Толчком к написанию трактата послужил разговор с Мазилой. Твои прогнозы и оценки поразительным образом подтверждаются, сказал Мазила. В чем тут дело? Очень просто, ответил Шизофреник. Надо предсказывать лишь то, что предсказуемо, и оценивать лишь то, в отношении чего имеют смысл оценки. А как отделить предсказуемое от непредсказуемого и оцениваемое от неоцениваемого, спросил Мазила. Для этого у меня есть своя теория, сказал Шизофреник. Расскажи мне ее, попросил Мазила. Попробую, сказал Шизофреник. Только предупреждаю, она заведомо не научная. Пусть, сказал Мазила, лишь бы она была верная. Кроме того, продолжал Шизофреник, для применения моей теории нужны не столько размышления, сколько терпение. Приняли, допустим, у тебя заказ, намекнули на новый, напечатали пару строчек о твоей работе без упоминания имени. Кажется, наступают новые веяния. А по моей теории новых веянии для тебя не может быть. Потерпи немного, и сам в этом убедишься. Я в этом убеждался много раз, сказал Мазила, Верно, сказал Шизофреник. Но для тебя это каждый раз выступает как случайный факт, а не как нечто такое, что неизбежно и предсказуемо теоретически. Наконец, моя теория, как и любая другая теория, тривиально проста, а научиться ею пользоваться очень сложно. Подобно тому, как трудно обучиться ибанцу есть рис палочками. Твоя теория меня интересует как чисто интеллектуальное явление, сказал Мазила, а не как пособие для благоразумного поведения. А для поведения у меня есть интуиция. В армии я играл в очко. И неплохо. Один раз выиграл получку чуть ли не у всего летного состава эскадрильи. Целую наволочку денег набил. Потом три дня пропивали. Метод у меня был простой. Выделяю десятку, которую не жаль продуть. Проигрываю - ухожу. Выигрываю - бью на двадцать.

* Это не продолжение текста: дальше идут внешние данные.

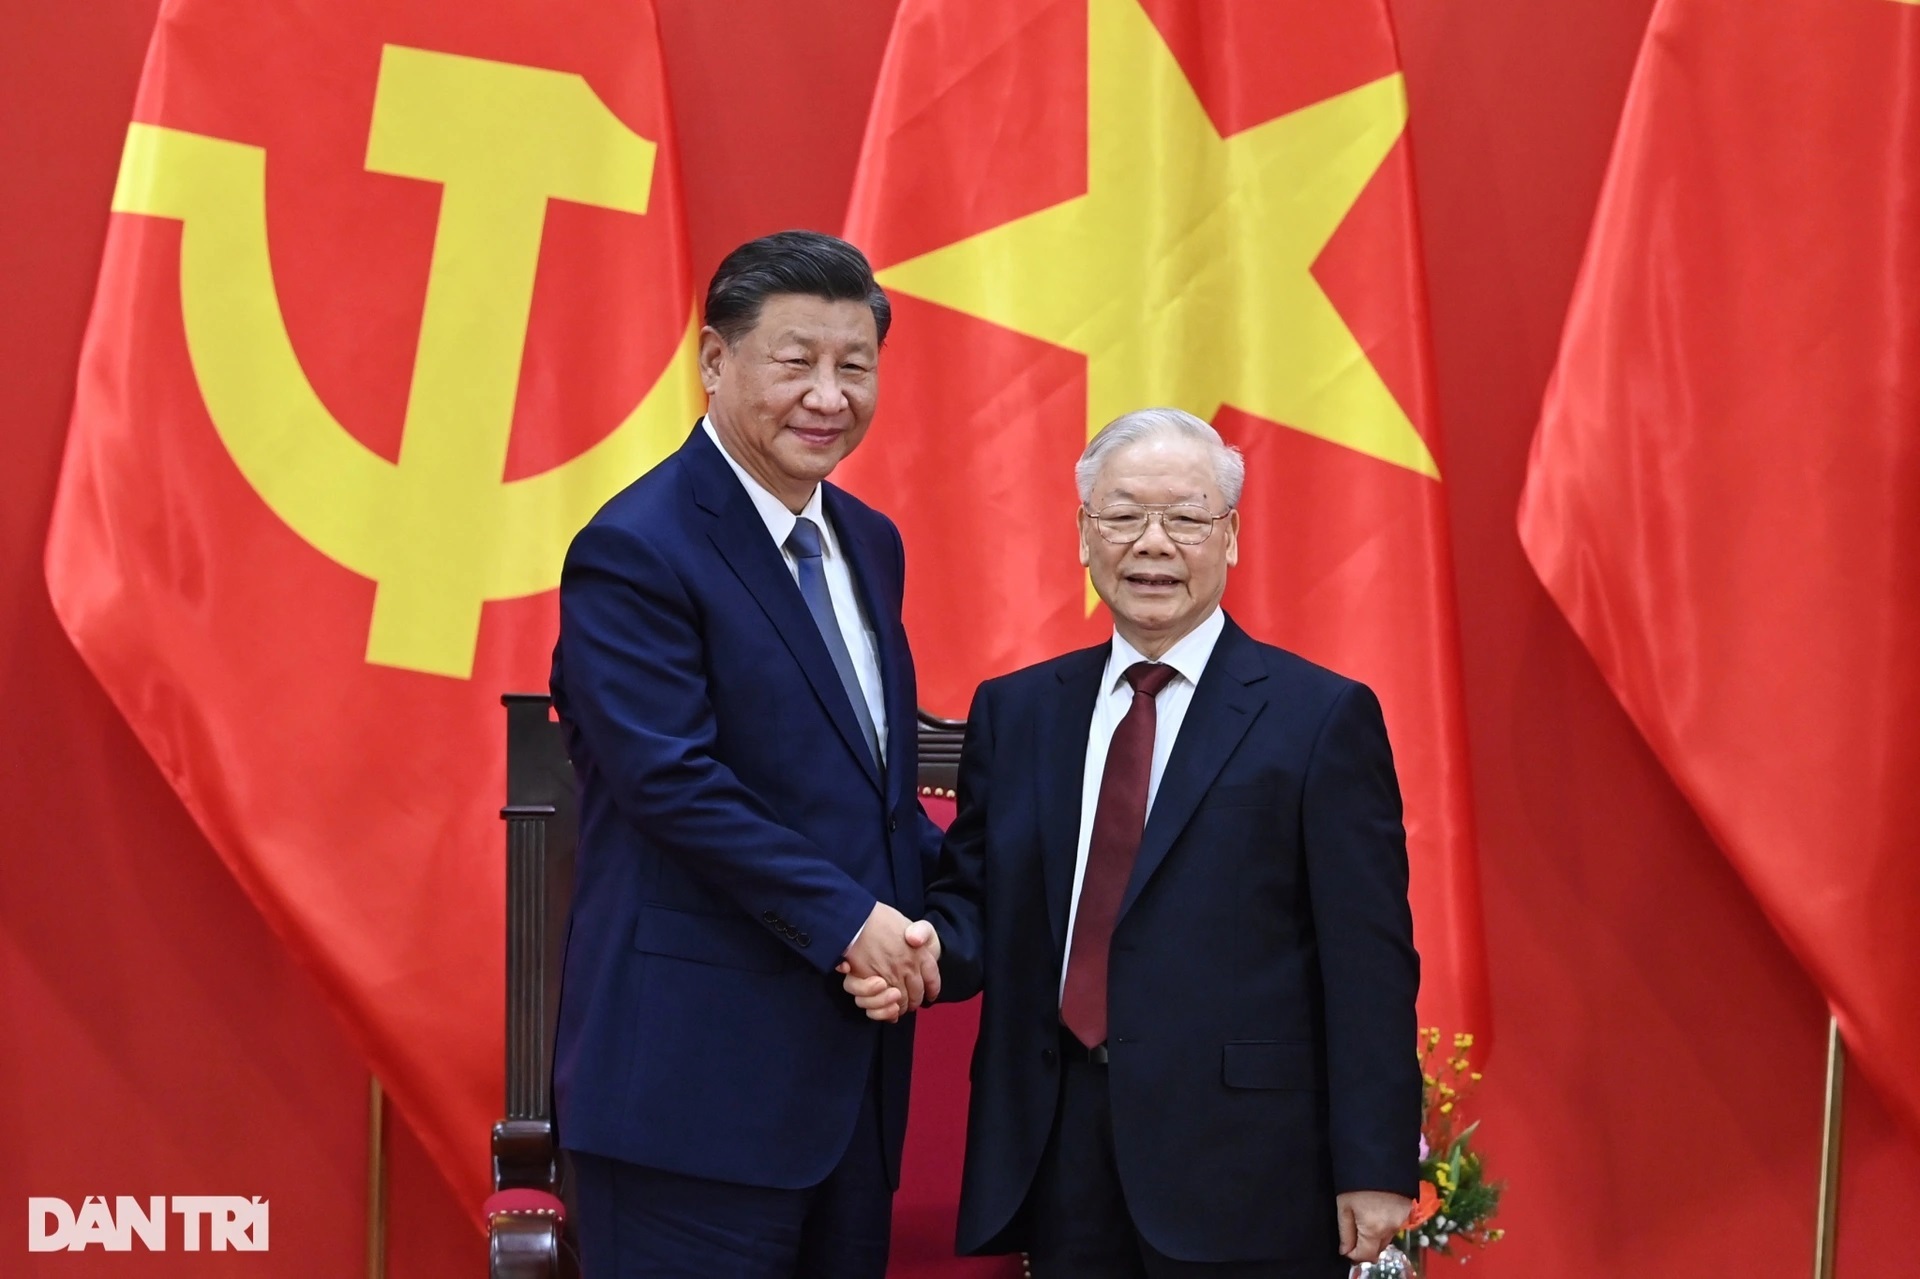 Chủ tịch Tập Cận Bình thăm Việt Nam: Dấu mốc lịch sử mới - 14

Проигрываю ухожу. Выигрываю - бью на сорок. И так далее в случае удачи. Когда выигрыш достаточно велик, бью на весь банк. Иногда процесс игры затягивался достаточно долго, и я выигрывал. Здорово, сказал Шизофреник. У тебя голова настоящего ученого, а не художника. Твой метод, как и моя теория, аффективен лишь при одном условии: чтобы где-то играли регулярно в течение достаточно длительного времени. А времени нам отпущено не так уж много.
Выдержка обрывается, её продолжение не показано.